So I'm following the <pipeline specific guide> to ...
# plugins-general
m
So I'm following the pipeline specific guide to try and override a specific environment variable for this pipeline, but it doesn't seem to be passing value to the pipeline. Here's what I've got so far:
Copy code
# meltano.yml
...
  loaders:
  - name: target-bigquery
    namespace: bigquery
    pip_url: git+<https://github.com/Mashey/target-bigquery.git>
    executable: target-bigquery
    settings:
    - name: project_id
      value: vibrant-bonus-233400
    - name: dataset_id
    - name: validate_records
      value: false
    - name: stream_data
      value: true
    - name: disable_collection
      value: true
    - name: add_metadata_columns
      value: false
    - name: location
      value: US
schedules:
- name: shipstation-to-bigquery
  extractor: tap-shipstation
  loader: target-bigquery
  transform: skip
  interval: '@daily'
  start_date: 2020-10-07 16:24:54.035456
  env:
    TARGET_BIGQUERY_DATASET_ID: raw_shipstation
and when I run
meltano elt tap-shipstation target-bigquery --job_id shipstation-to-bigquery --dump=loader-config
I get the following output:
Copy code
{
  "project_id": "vibrant-bonus-233400",
  "dataset_id": null,
  "validate_records": false,
  "stream_data": true,
  "disable_collection": true,
  "add_metadata_columns": false,
  "location": "US"
}
If I add
TARGET_BIGQUERY_DATASET_ID
to the
.env
file, it will take that value, but
env:
doesn't seem to be overriding it for this specific pipeline.
t
what does
meltano config target-bigquery list
show?
m
Copy code
project_id [env: TARGET_BIGQUERY_PROJECT_ID, BIGQUERY_PROJECT_ID] current value: 'vibrant-bonus-233400' (from default)

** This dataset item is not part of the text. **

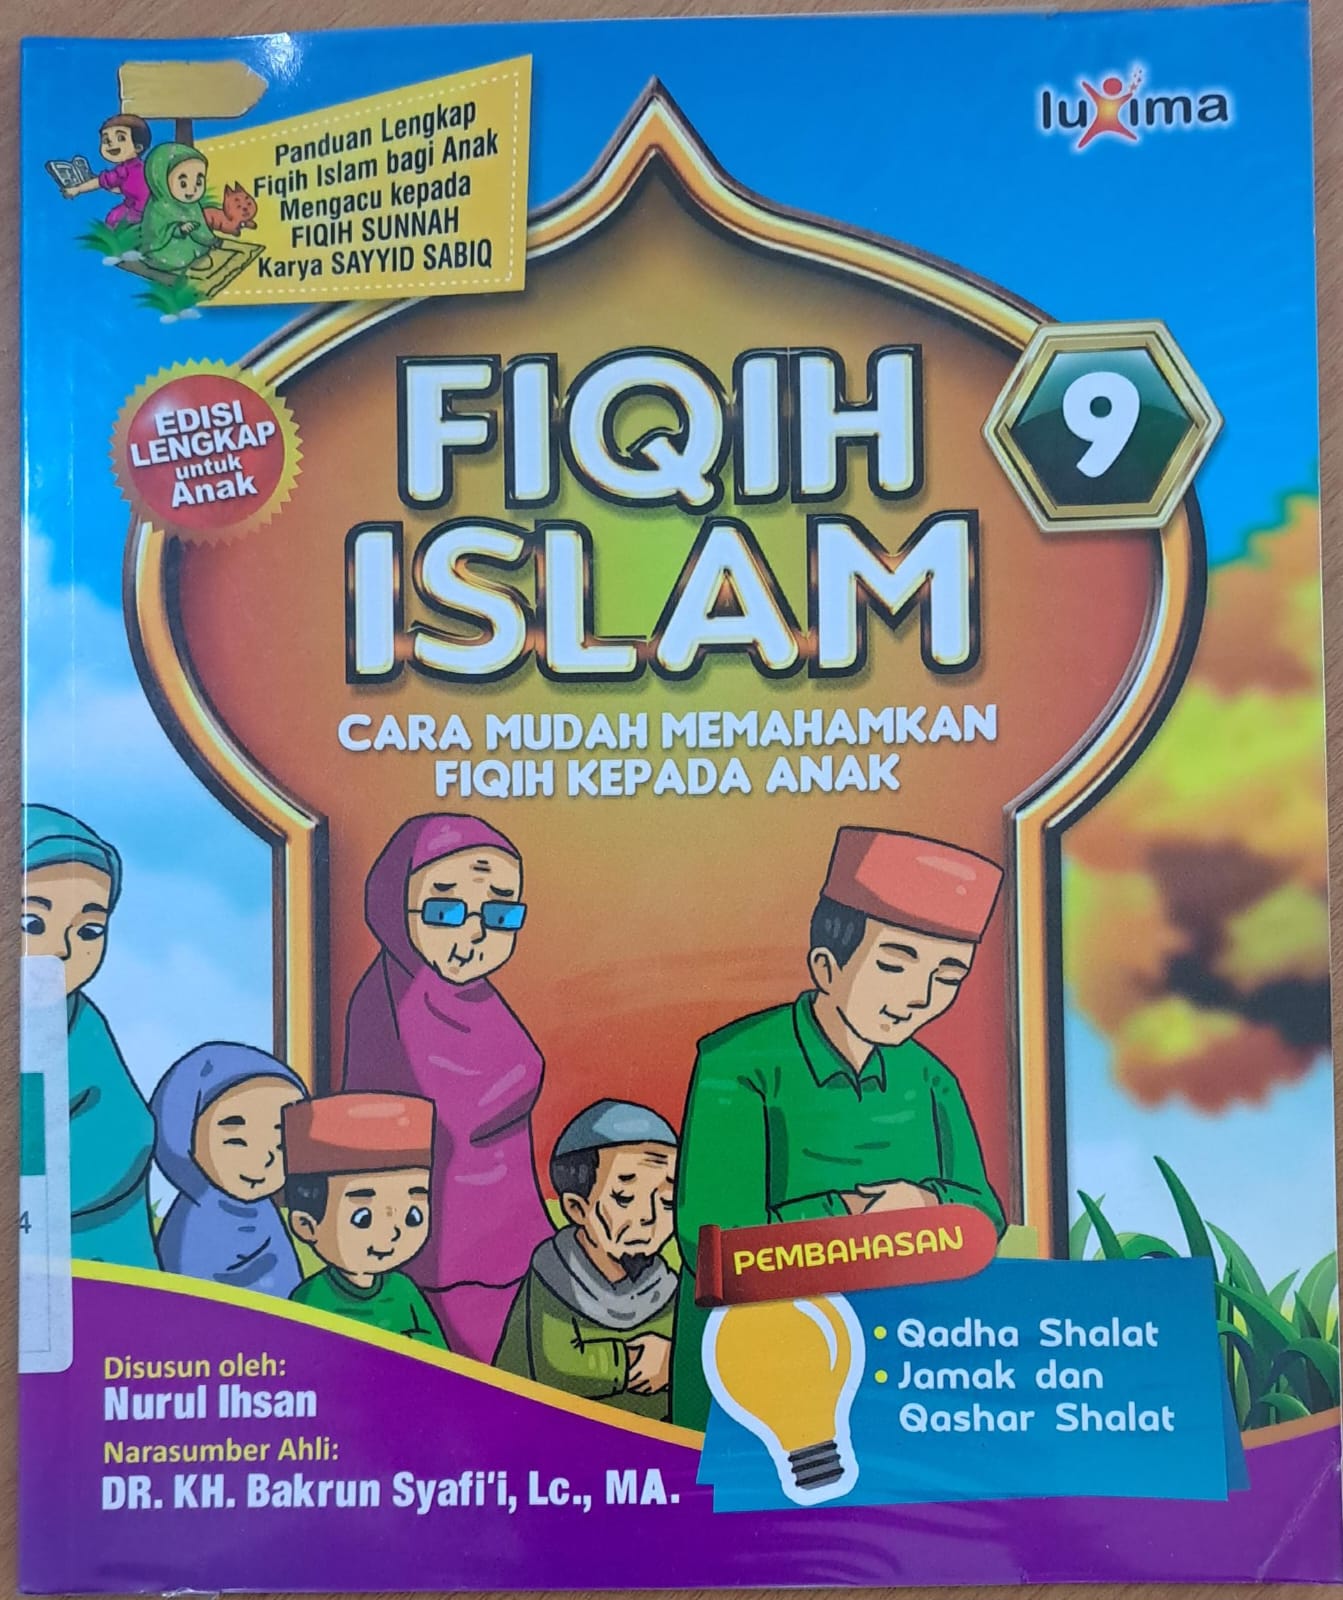 Fiqih islam jilid 9 :  Cara mudah memahamkan fiqih kepada anak

dataset_id [env: TARGET_BIGQUERY_DATASET_ID, BIGQUERY_DATASET_ID] current value: '' (from `.env`)
validate_records [env: TARGET_BIGQUERY_VALIDATE_RECORDS, BIGQUERY_VALIDATE_RECORDS] current value: False (from default)
stream_data [env: TARGET_BIGQUERY_STREAM_DATA, BIGQUERY_STREAM_DATA] current value: True (from default)
disable_collection [env: TARGET_BIGQUERY_DISABLE_COLLECTION, BIGQUERY_DISABLE_COLLECTION] current value: True (from default)
add_metadata_columns [env: TARGET_BIGQUERY_ADD_METADATA_COLUMNS, BIGQUERY_ADD_METADATA_COLUMNS] current value: False (from default)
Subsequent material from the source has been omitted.